Lobo Movie Gets Journey 2 Director

It’s been a few years now since Warner Brothers first started trying to set up a movie based on Lobo, the cult favourite DC Comics character created by Roger Slifer and Keith Giffen. Guy Ritchie was attached to direct back in 2009 but eventually bowed out in order to focus on his Sherlock Holmes reboot. Since then the project has been floating in limbo, and I think most of us just assumed it was dead. I mean, Lobo really hasn’t been big since the ’90s and I don’t think very many people were clamoring for a big screen adaptation in the first place. This week, however, it would appear that Lobo is back on track with a brand new director: Brad Peyton, the guy who just did Journey 2: The Mysterious Island. Are you fraggin’ kidding me?

The news comes courtesy of Deadline, who don’t have much else to offer in the way of details aside from the fact that Peyton will apparently be rewriting the script himself as well. With a resume that also includes Cats & Dogs: The Revenge of Kitty Galore, Peyton is probably the last guy I would ever expect to land this project. Still, I guess when you direct a movie that makes $320 million worldwide you get a lot of stuff handed to you.

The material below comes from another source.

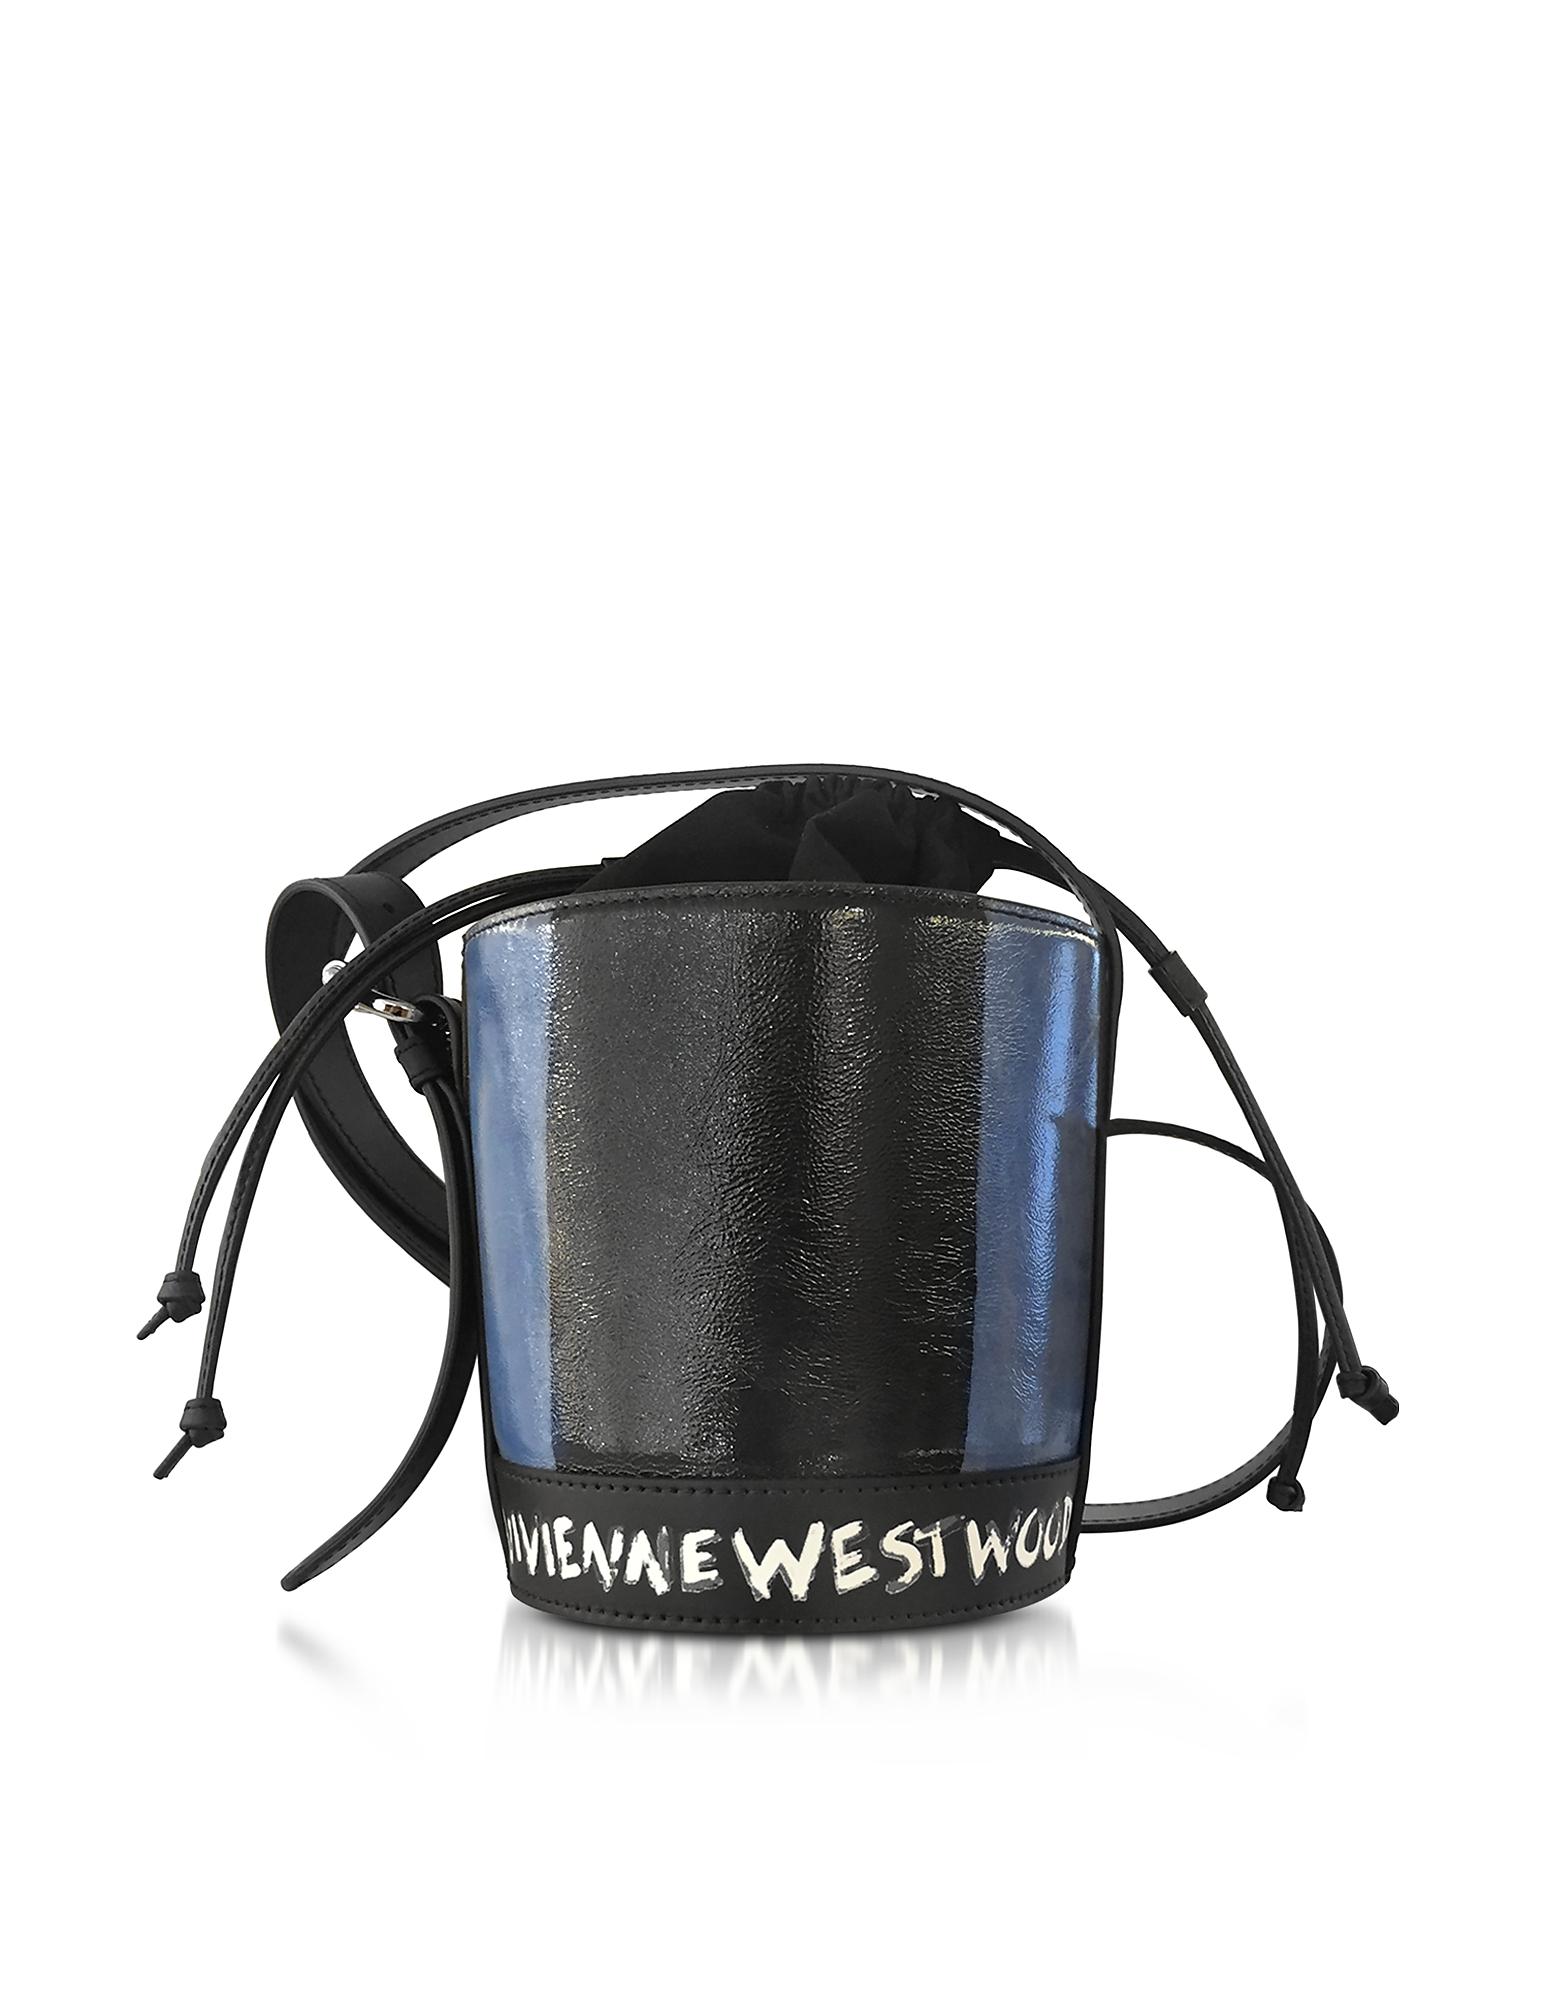 Vivienne Westwood Buckingham - Маленькая Фирменная Кожаная Сумка Ковш

For the uninitiated, Lobo is an alien bounty hunter with superhuman strength and a fondness for violence and profanity. When he was given his own comic book in the ’90s, it quickly became a wild parody of anti-heroes such as Wolverine and The Punisher. I still have no idea what a Lobo movie might be like, but it would probably have to be very meta and very over-the-top. Oh, and an R-rating is a must. What do you think, are you interested in a Lobo movie? Is there any chance that Brad Peyton *isn’t* the worst guy on the planet to direct this thing?



  • scm

    “Is there any chance that Brad Peyton *isn’t* the worst guy on the planet to direct this thing?” Well, at least Peyton & WB can say they have a life. What do you & your kind do? Talk. That’s all. I will have seen this movie five times before I read any of this talk from people who do nothing again.

  • curtis talls

    scm is really mad about this article.

  • Nelson

    I really didn’t have high expectations for “Hancock” when I heard about it and when it was first released, but as I was watching it, I discovered that I enjoyed it, even though it was a 100% “serious” super hero movie.

    Lobo could have a similar appeal.

    I don’t know how many people are even aware of the character though…

  • Nelson

    “wasn’t a 100%”

  • kyri

    so.. Brad Peyton enjoys googling his name quite often..

  • “This week, however, it would appear that Lobo is back on track with a brand new director: Brad Peyton, the guy who just did Journey 2: The Mysterious Island. Are you fraggin’ kidding me?”

    I’m sure that there was probably a similar discussion around this time last year along the lines of “21 Jump Street is back on track with brand new directors: Phil Lord and Chris Miller, the guys who just did Cloudy With a Chance of Meatballs. Are you kidding me?”. Can we accept that maybe, just maybe, filmmakers we don’t know much about that have done kid flicks just might be capable of doing other things?

  • Maybe, but I wouldn’t bet on it. At least Phil Lord and Chris Miller previously did Clone High.

    I didn’t realize this at the time, but apparently even back when Guy Ritchie was attached, they were aiming for PG-13 with this movie. So I think Peyton makes a lot more sense now.

    http://www.wired.com/underwire/2009/09/guy-ritchie-leaps-for-lobo-aims-for-pg-13-rating/

  • Owozifa

    I think the thing that concerns me the most is that Brad Peyton directed a movie that could have practically directed itself so badly that it felt like it ended 20 minutes in with an hour long epilogue. That’s how Journey 2 ended up feeling to me, even though it had a lot I wanted to like about it.